Рудигер небрежно похлопывал аббата по плечу, отчего Бодо ежился и страдал еще больше, а нахальный барончик-недоросль направлялся к своим кнехтам, обдумывая какое-то развлечение на грядущий день – длинный, утомительный и невыносимый, если его не скрасить чем-нибудь.
В Киеве Рудигер замещал самого графа Генриха фон Штаде, одетый в золоченый графский панцирь, с украшенным драгоценностями мечом на поясе, с огромным немецким шлемом на согнутой в локте и выдвинутой чуть вперед левой руке, Рудигер предстал рядом с наряженной в багряные, тканные истинным золотом одеяния маленькой Евпраксией под церковное благословение, которое было словно и настоящим, но и не могло считаться совсем настоящим, ибо не сам ведь граф Генрих стоял в церкви святой Софии, а лишь его полномочный заместитель. По обычаю, властелину не надлежало выезжать за пределы своей земли ради женитьбы, равно как и невеста тоже не могла направиться к чужеземному мужу без особого предварительного свадебного ритуала. Вот и замещал властелина посол, который на определенное время должен был становиться как бы второй ипостасью хозяина. Рудигер, равный графу Генриху по возрасту, происхождению и богатству, охотно согласился совершить дальнее путешествие в Киев; будто настоящий жених, стоял в золотом посверкивании свечей в изукрашенной Софии, вместе с малолетней невестой осыпан был рожью, пшеницей и всякой пашницей; он принимал дары и вручал князю Всеволоду вено за Евпраксию, вкусно и умело пиршествовал с князьями и боярами, слушал песни про хмель и про "подушечку"; его и невесту отвели в княжескую ложницу, чтоб исполнить надлежащим образом обычай покладин, потому что брак будет считаться настоящим и завершенным и княжна сможет отправиться в дальний путь к мужу только по исполнении этого обычая.
Покладины считались осуществленными даже в том случае, если посол лишь коленом прикасался к ложу, но Рудигер захотел поваляться на княжеских перинах, застеленных парчой; он указал испуганной и растерянной Евпраксии на широкое ложе, бросил посредине обнаженный меч, завалился на перины прямо в панцире, и вот так лежали они некоторое время, разделенные лишь обнаженным мечом, – съежившаяся и перепуганная двенадцатилетняя золотоволосая девочка, в одной сорочке из тонкого, почти прозрачного полотна, и долговязый барончик, закованный в железо, в грубых сапогах, с нахальной улыбкой на еще молодой, но уже изрядно заматеревшей роже.
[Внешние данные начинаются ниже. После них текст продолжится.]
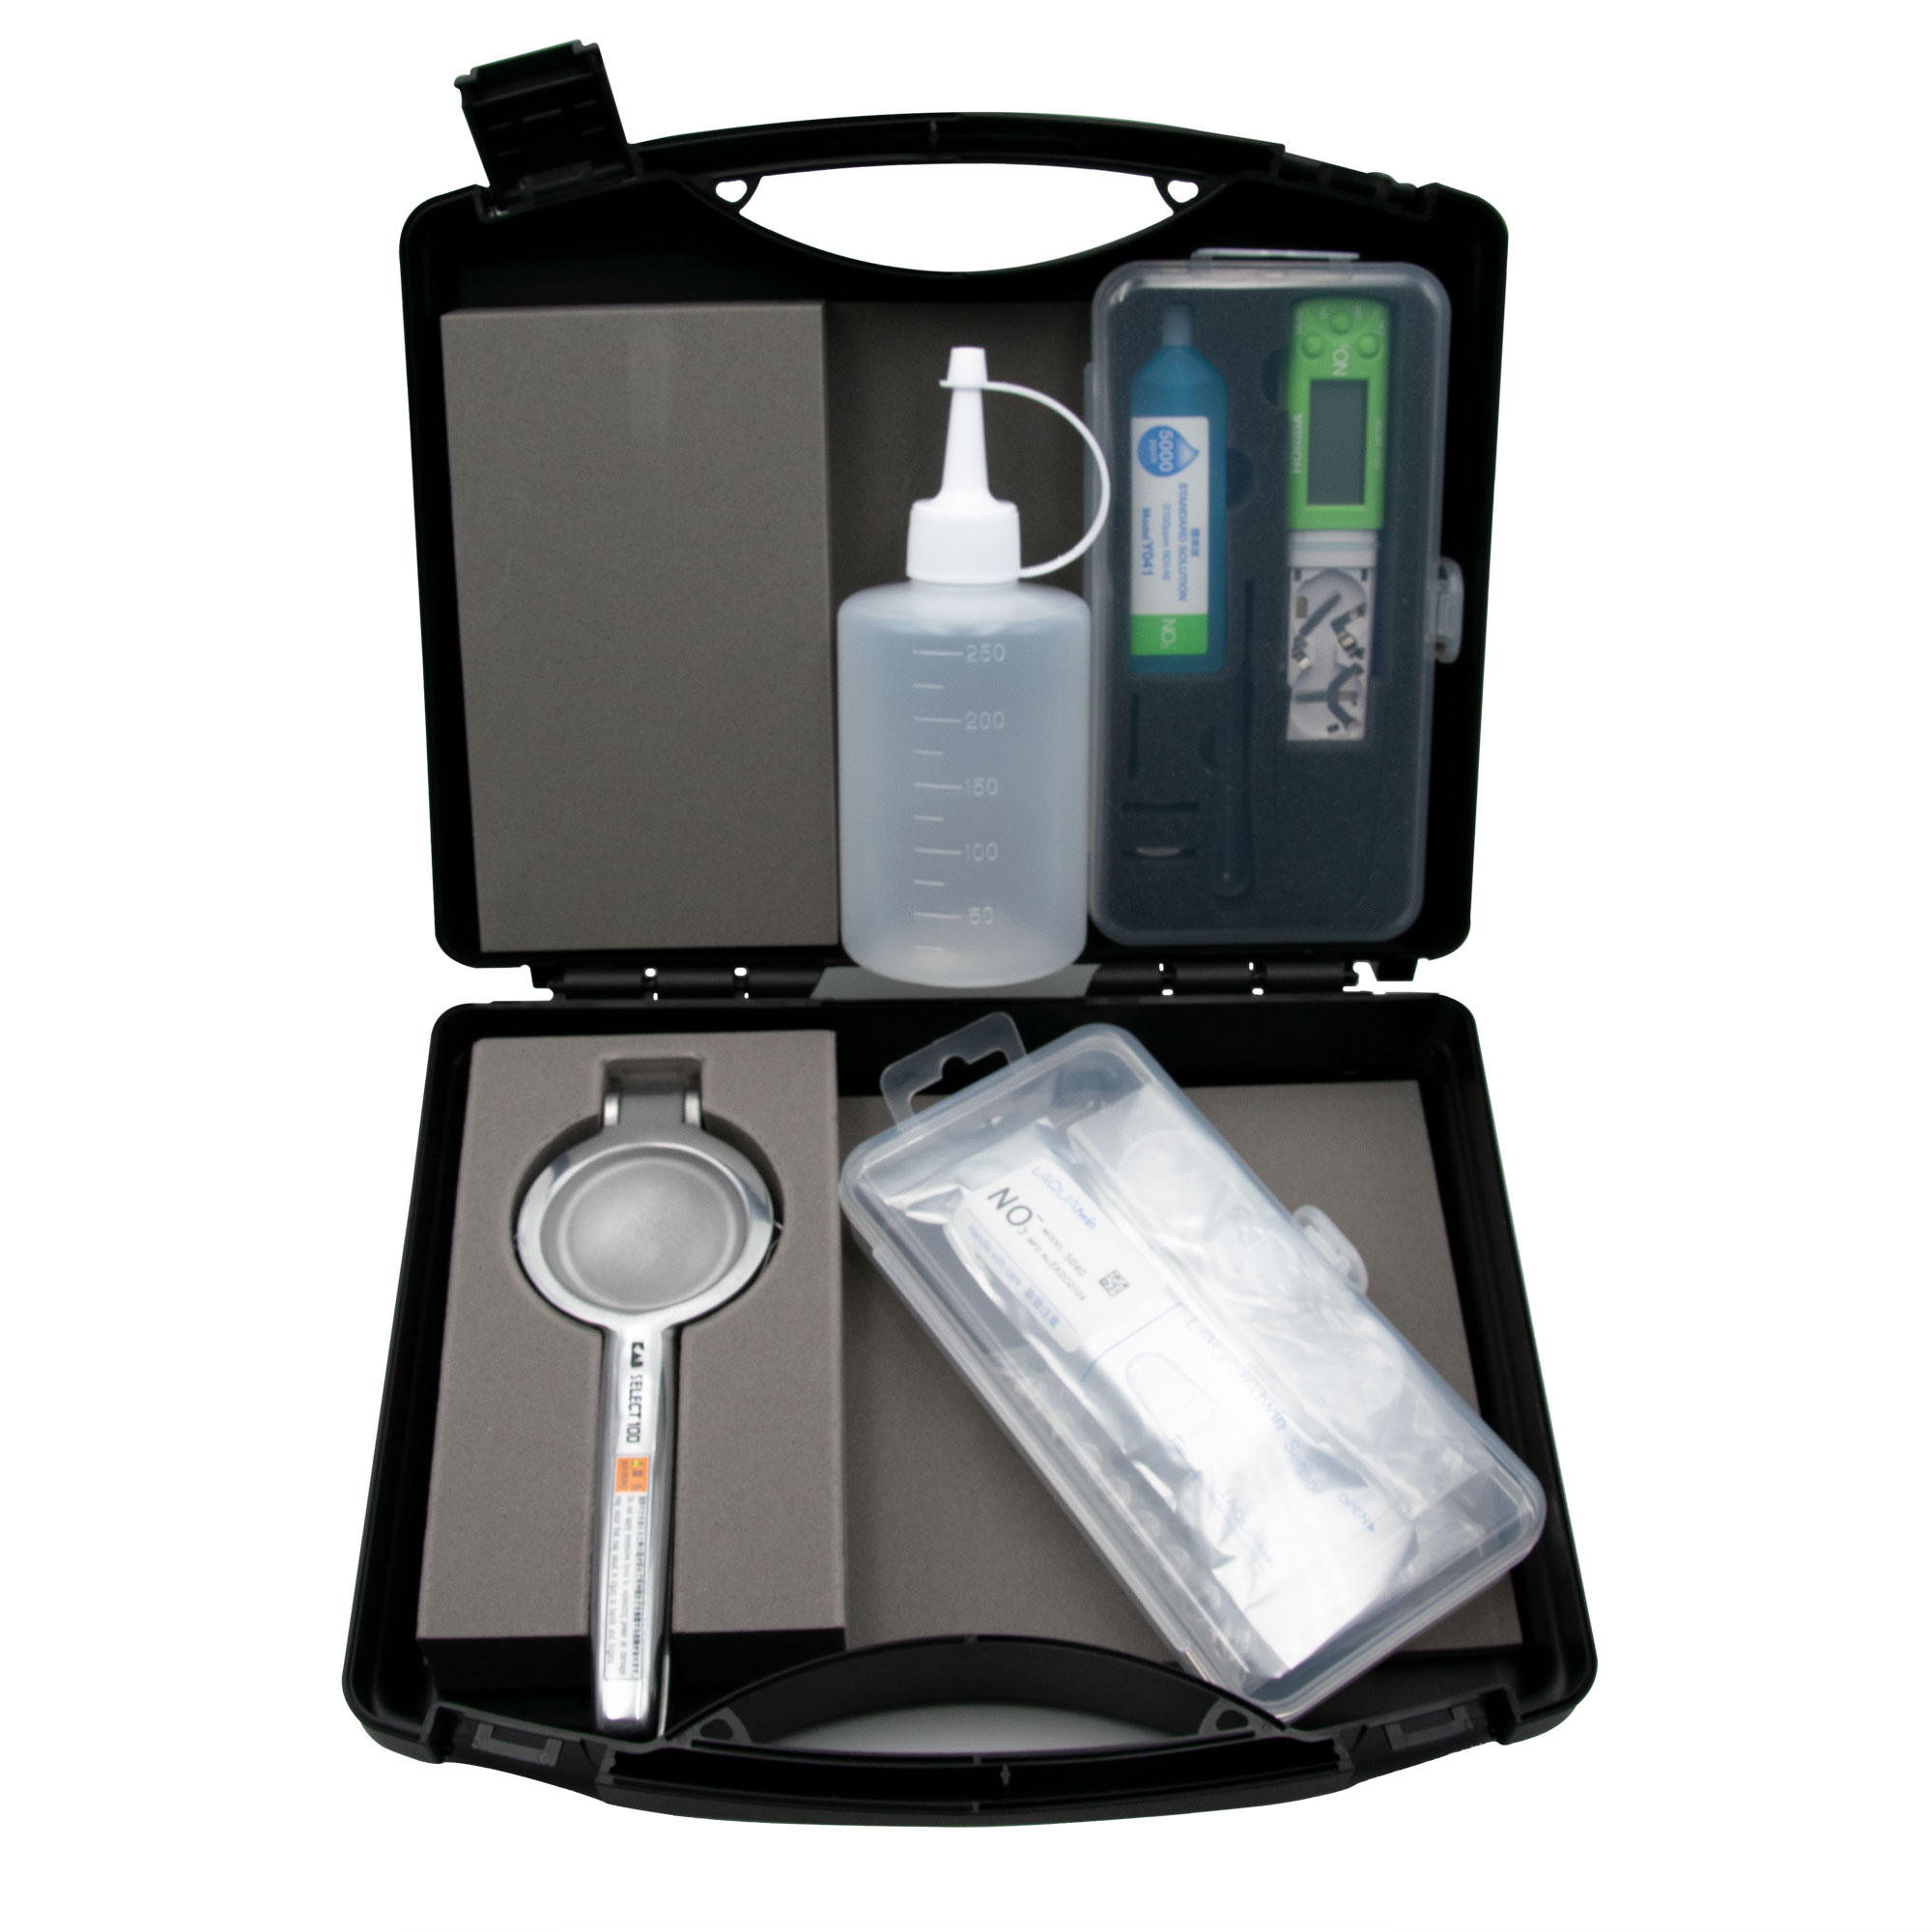 Horiba LAQUAtwin Nitrate Ion (NO3-) Tester for crops, in carrying case with 5 Pipettes, Crop sample press, 3 cups
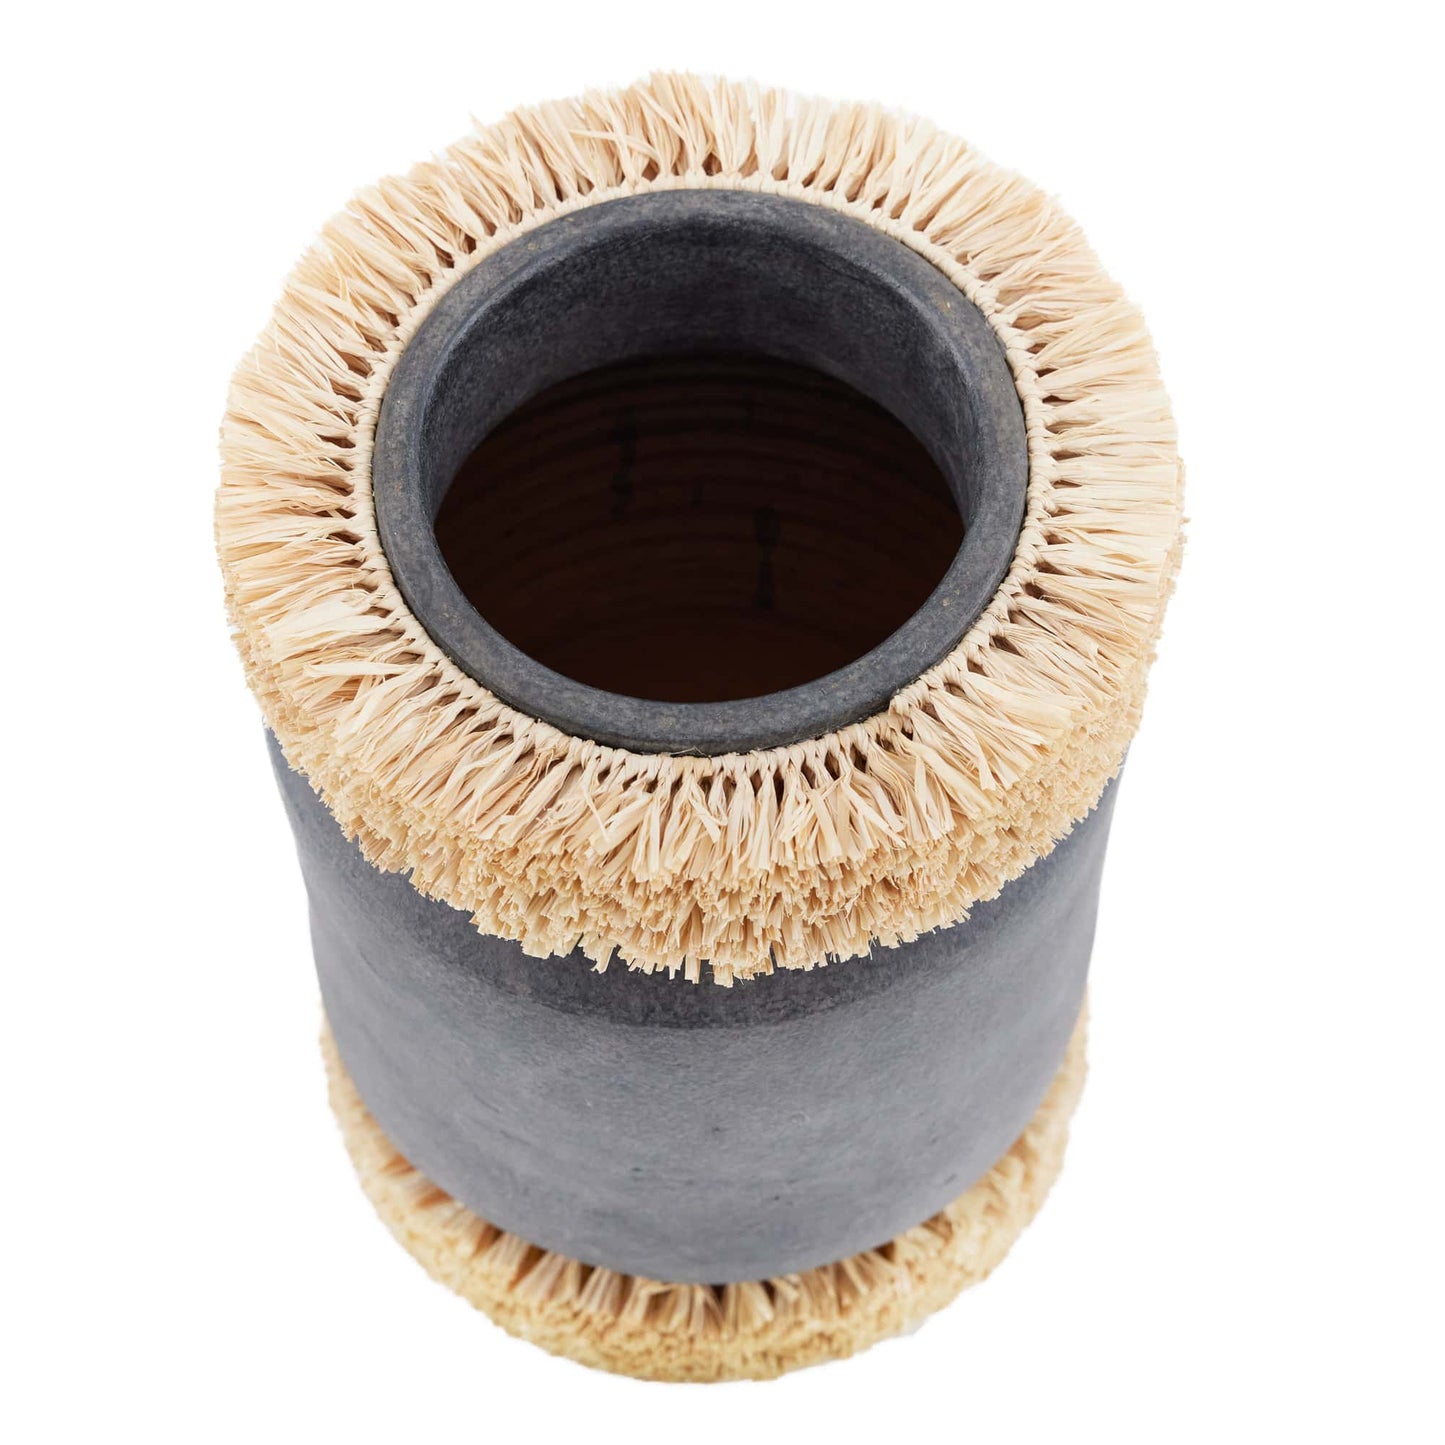 Handmade Matte Charcoal Terracotta Raffie Vase - Textural Thatched Roofing Inspiration

Князь Всеволод, княгиня Анна, высокие гости, которые согласно обычаю пребывали в ложнице, вынуждены были молча и покорно видеть все это и делать вид радостный и восторженный, а Рудигер все больше входил в раж и попытался даже – спьяну и по-свински – перекатиться через меч к Евпраксии, придавить ее слабенькое тельце своим беспощадным железом.
Но князь Всеволод тихо сказал: "Довольно!" Сказал тихо, но так, что барон мигом вскочил с ложа. Киевский князь славился образованностью, его хвалили за доброту, за любовь к святостям, и к людям святым, и к церквам с монастырями, однако тот, кому нужно было знать, ведал еще и о том, как при этом князе, охотно перенимавшем ромейские обычаи, выжигали глаза непокорным, как выламывали зубы тем, кто не придерживался установленного церковью поста, как раздирали людей между деревьями, как топили в прорубях за непослушание и непокорность. Рудигер при том, что был еще очень молод, должен был знать все про киевского князя, потому-то и подчинился одному лишь его тихому напоминанию: "Довольно!"